Computational Humanities and ancient texts

Participants : Daniel Stökl Ben Ezra, Marc Bui.

In collaboration with Jérémie Bosom and Dogu Kaan Eraslan (PhD students (co-)supervised by Marc Bui at EPHE).

Ancient languages of interest: ancient Egyptian (hieroglyphics, hieratic, demotic) , ancient Greek, Aramaic, Elamite, biblical Hebrew, classical Arabic, Hán Nôm (ancient vietnamese), old Persian

Computational approaches in humanities makes it possible to address the problems encountered by philologists such as reading, analyze and archiving old texts in a systematic way. We based our research on algorithms, their implementations, and human expertise on ancient languages to automate these difficult tasks.

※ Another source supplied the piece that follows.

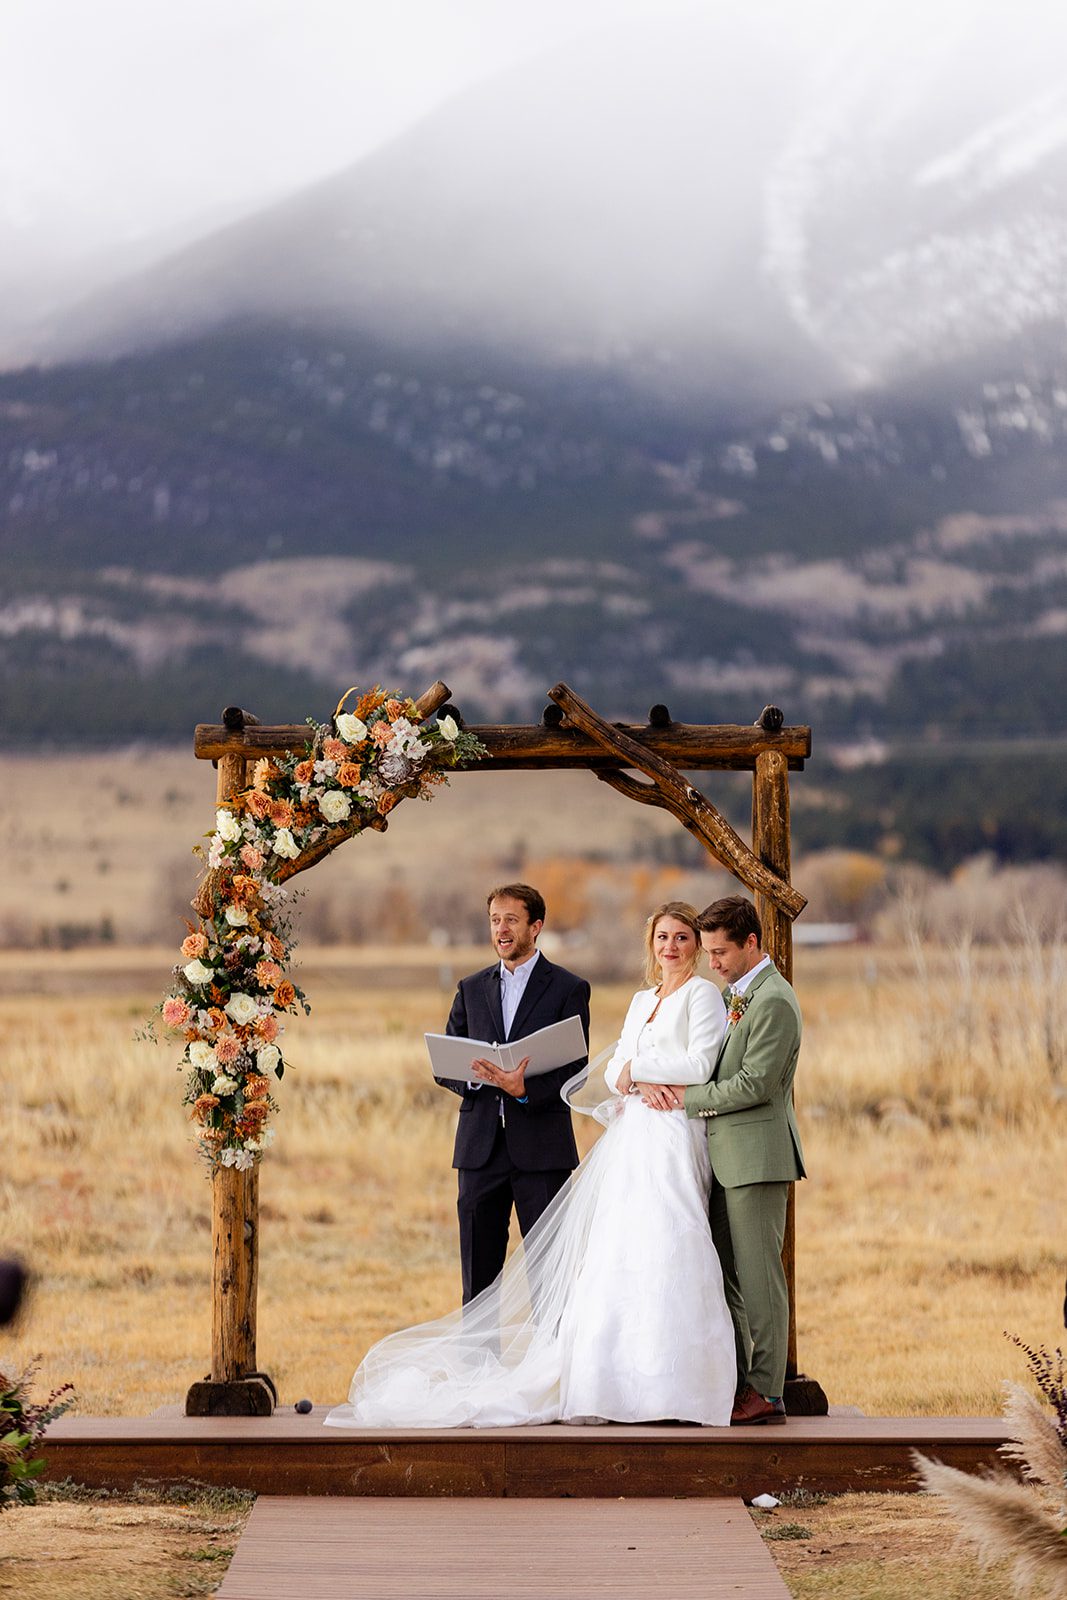 Ceremony at The Barn at Sunset Ranch in Buena Vista Colorado

The research scope of 2017 was the work around historical document or manuscripts available in images. Our work program (or work in progress) includes:

  • Document layout analysis for ancient manuscripts using computer vision techniques and machine learning

  • Script identification taking into account the environment where the trace is located: image, artefact, noise due to deterioration of the medium of writing. By stacking auto-encoding neural networks in order our approach provides an alternative representation of the input data received.

  • Text recognition (handwritten text recognition) by enhancing it with LSTM

  • Palaeographic classification of manuscripts and ancient inscriptions. Classification of historical document images can be addressed through script identification, in that case, our proposed method is based on the use of Convolutional Auto-Encoders (CAE) stacked in several layers in order to obtain fine-grained features and automatically learn representations of the line of writing or drawing of script

  • Cross language Information Retrieval and Information Retrieval applied to ancient languages.